I’ve been in a bit of a post-publication slump lately.
Don’t get me wrong, finishing my novel, including editing, publication and post-publication promotion was an energy intensive, but exciting and ultimately rewarding process.
I’ve also written some smaller pieces since the beginning of the year as well as trying to finish off a middle-grade children’s book that’s been bubbling away for a long time.
All of it has left me feeling more drained than I expected. The build-up to publication, especially, was huge and I think I’m feeling the after-effects of this whole process.
So, what do you do when you want/need to keep writing but the ideas and energy to write has vanished?
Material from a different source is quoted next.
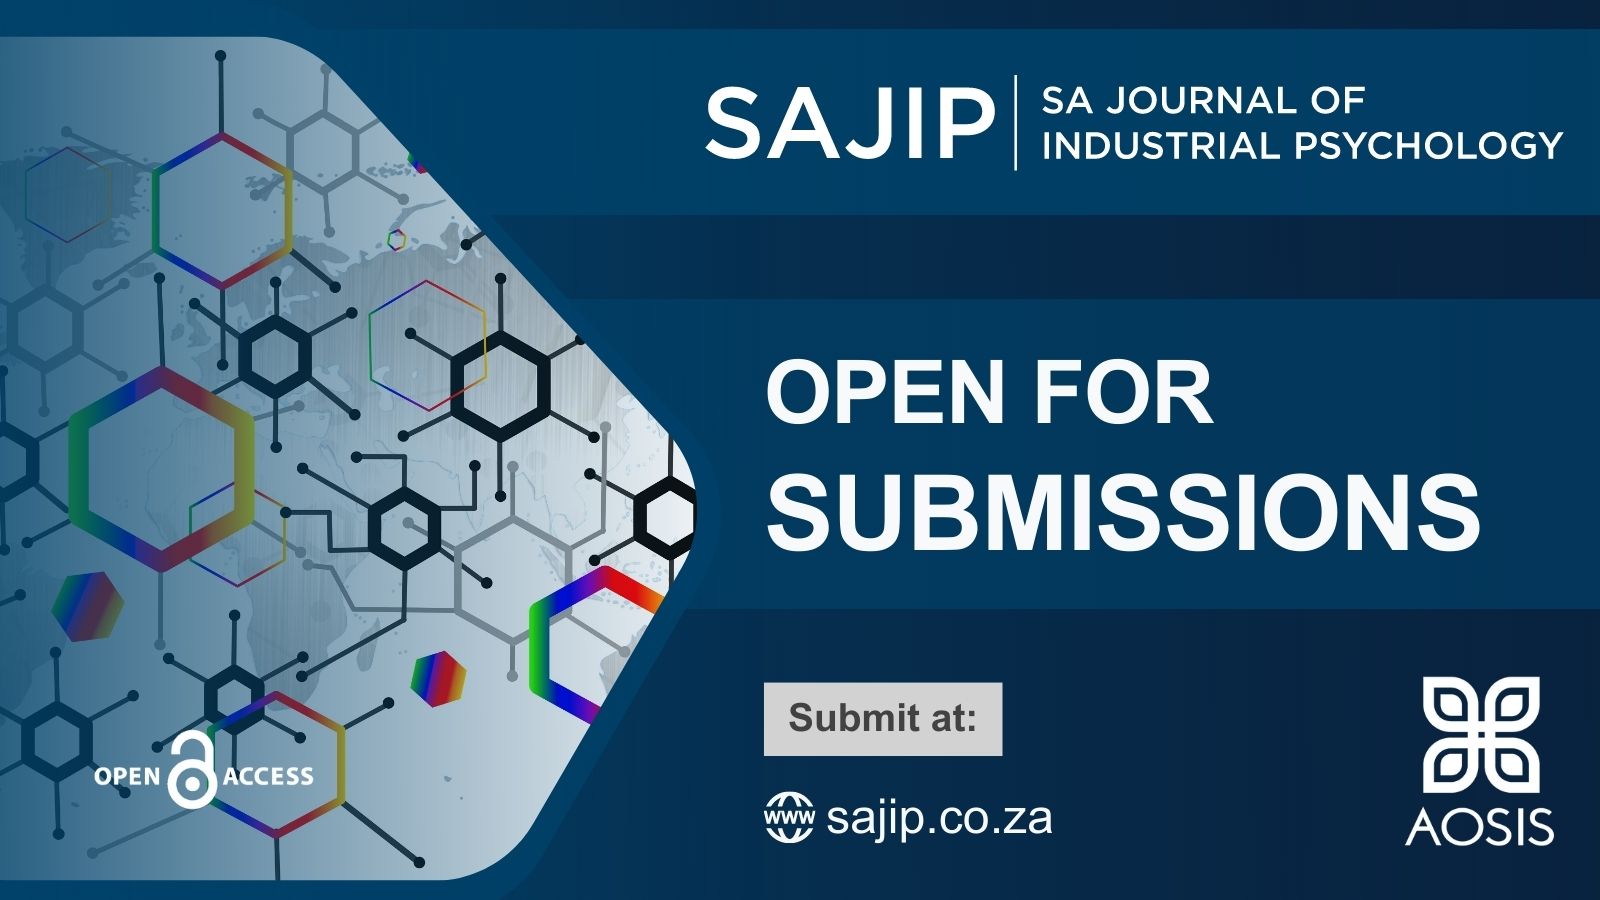 SAJIP Open for submissions

Well, besides reading a lot, working and trying to write something new, I finished the book ‘Bird by Bird’ by Anne Lamott and I found some inspiration in her reality-infused words.
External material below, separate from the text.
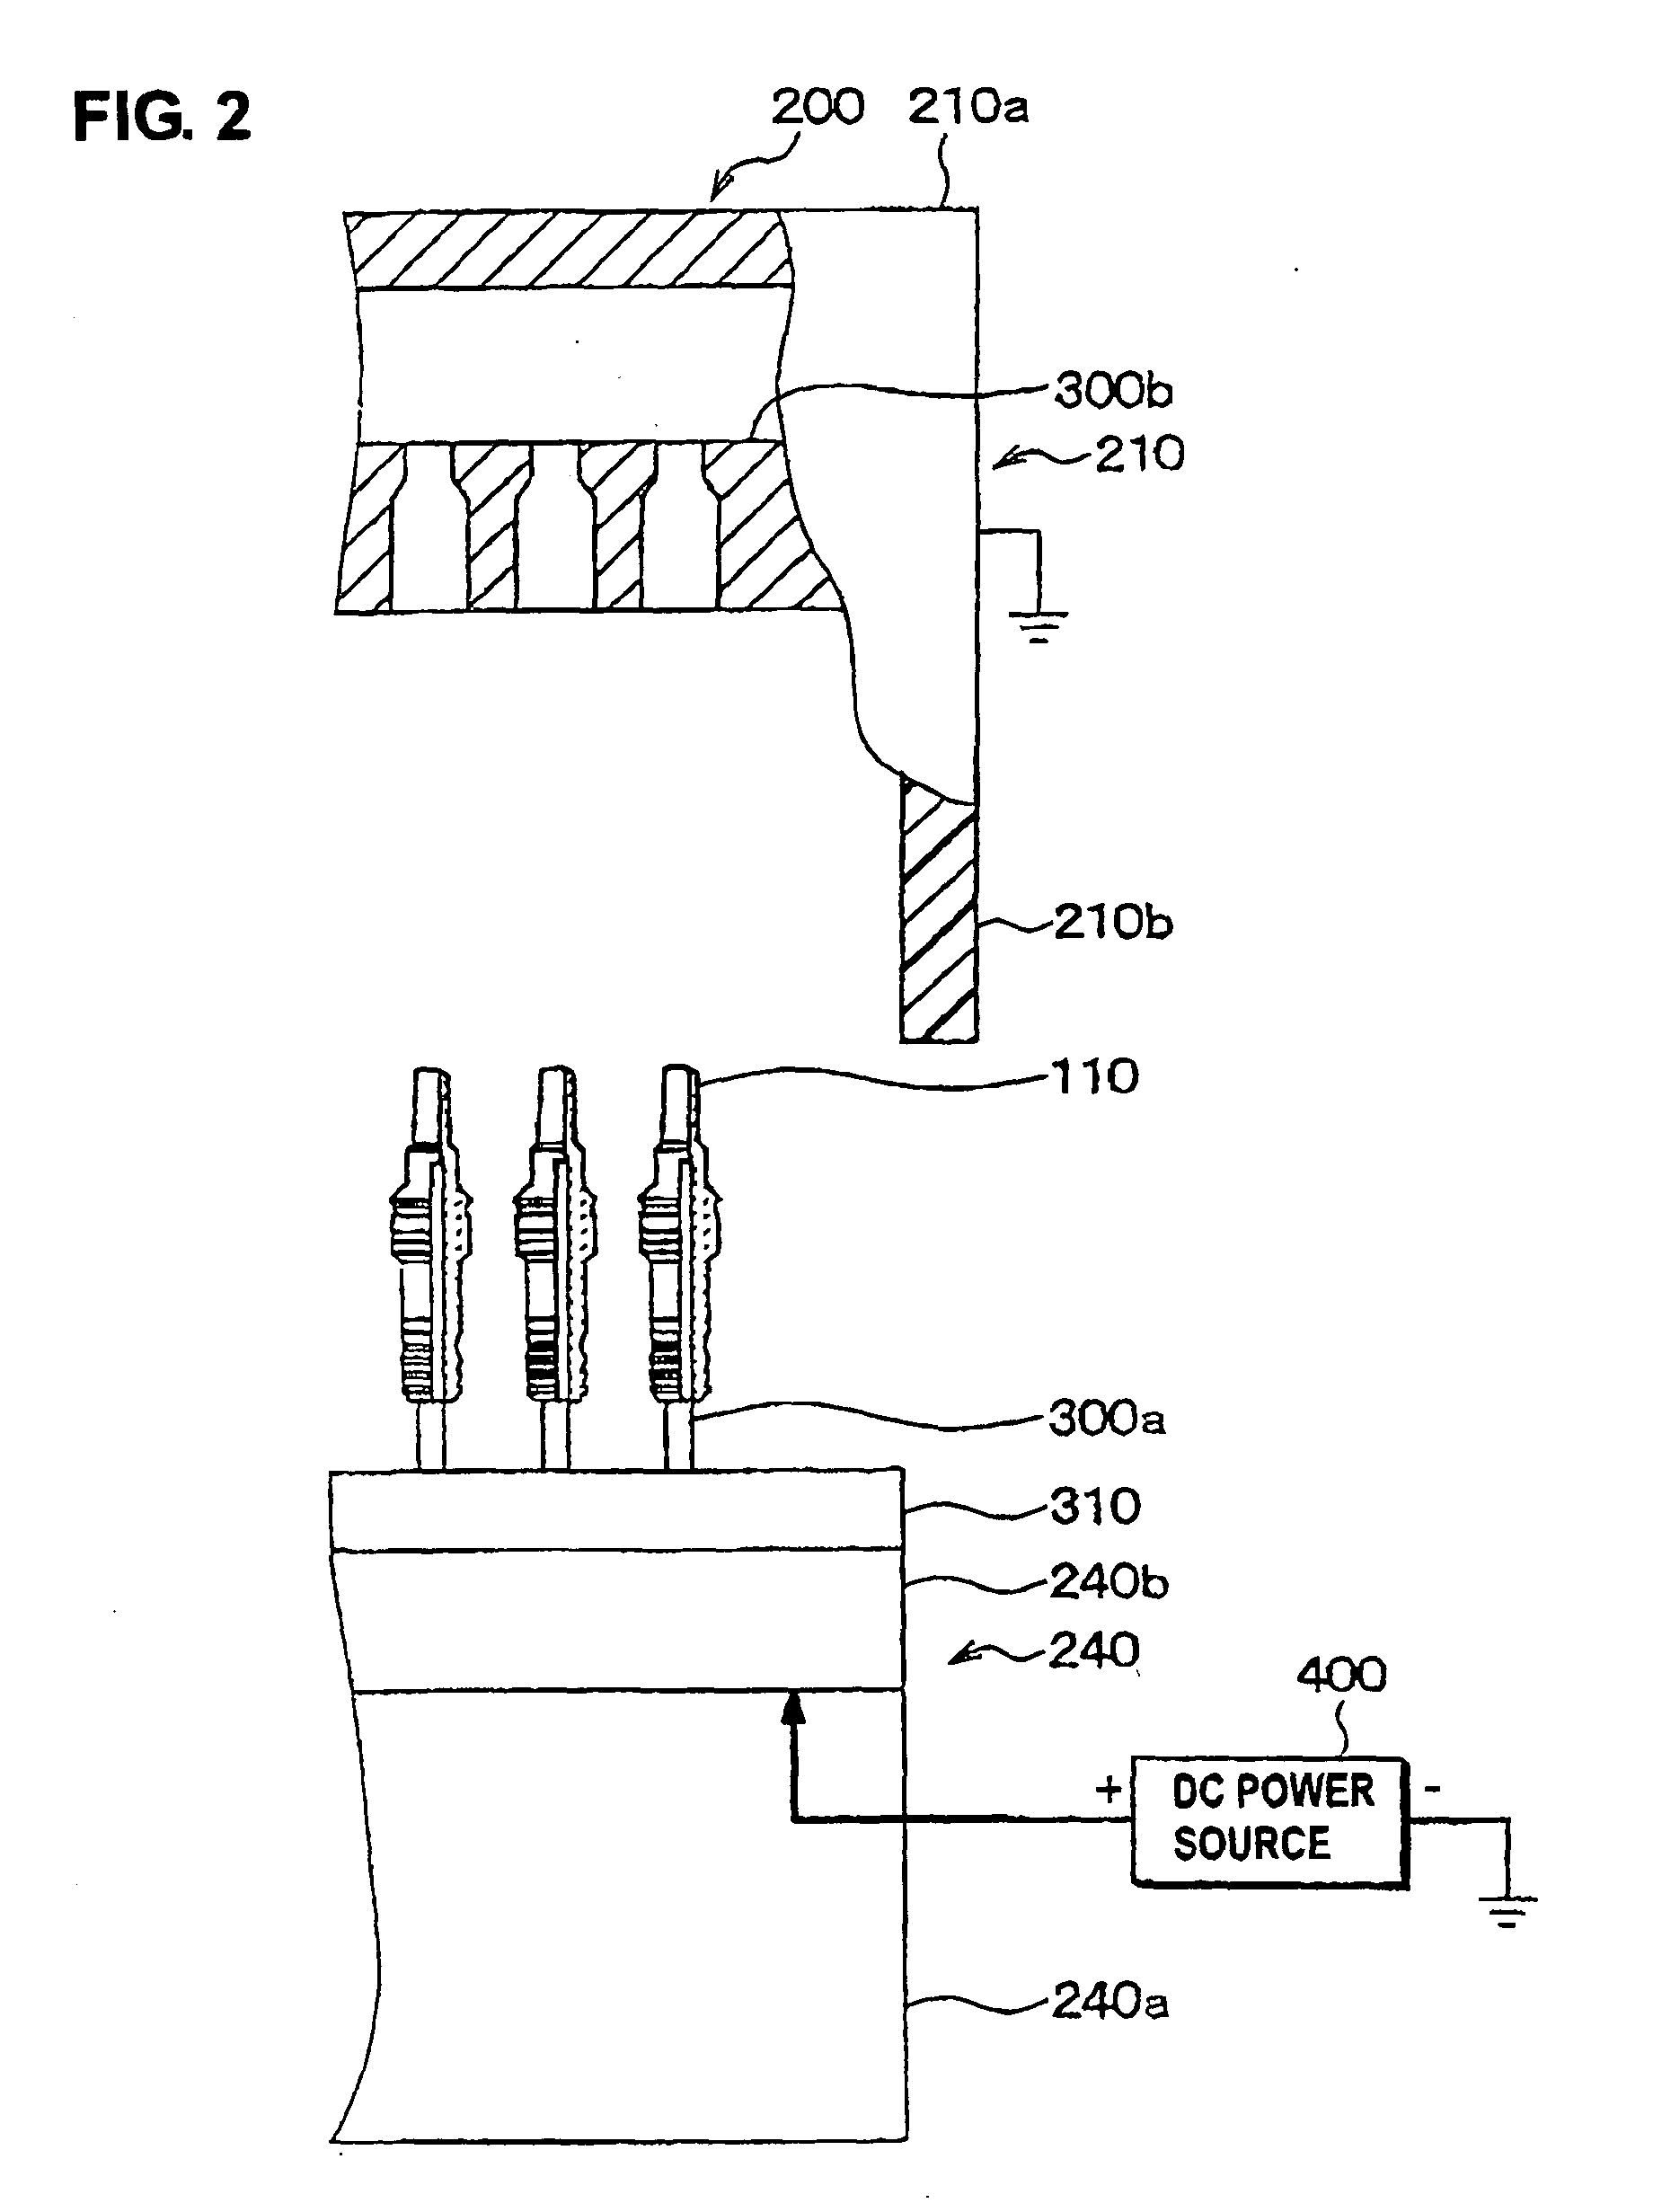 Method of inspecting insulators to detect defects

For instance, she says, life is short; think about how you’d most like to spend your time and do more of that. If you can’t/don’t want to write, then read for a time and write a little bit every day instead of the big word count commitment writing a full-length novel demands.
So, I tried this and it works like magic. I’ve set myself a goal to write 300 words a day (not the 1000 it took me to get the words down to write my novel). Today, magically, I wrote 3500! Taking the pressure off having to write the big word count helps me keep my hand in the process – something is better than nothing after all.
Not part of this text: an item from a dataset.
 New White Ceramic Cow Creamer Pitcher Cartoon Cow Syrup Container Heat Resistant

The other thing that’s worked wonders is taking a physical break, a complete change of scene. Last year, Melbourne experienced one of the world’s harshest and, until then, longest lockdowns. I am grateful for where I live but the four walls sameness was not good creatively or spiritually.
I promised myself I’d take a trip to the desert to visit family as soon as I could. That’s where I am now. Although I’ve been helping family out where I can, seeing different scenery and interacting with a new environment has been a tonic.
The third thing that’s really helped me through this slump is to have a 2nd hobby. I discovered photography a few years ago and I just love capturing images of the landscape – big vistas and small. What I love about photography (and this applies to any hobby) is the ability to lose myself in the process itself; and while losing myself, I give my subconscious a chance to work it’s own particular magic.
I hope these tips help you with any creative block you might have.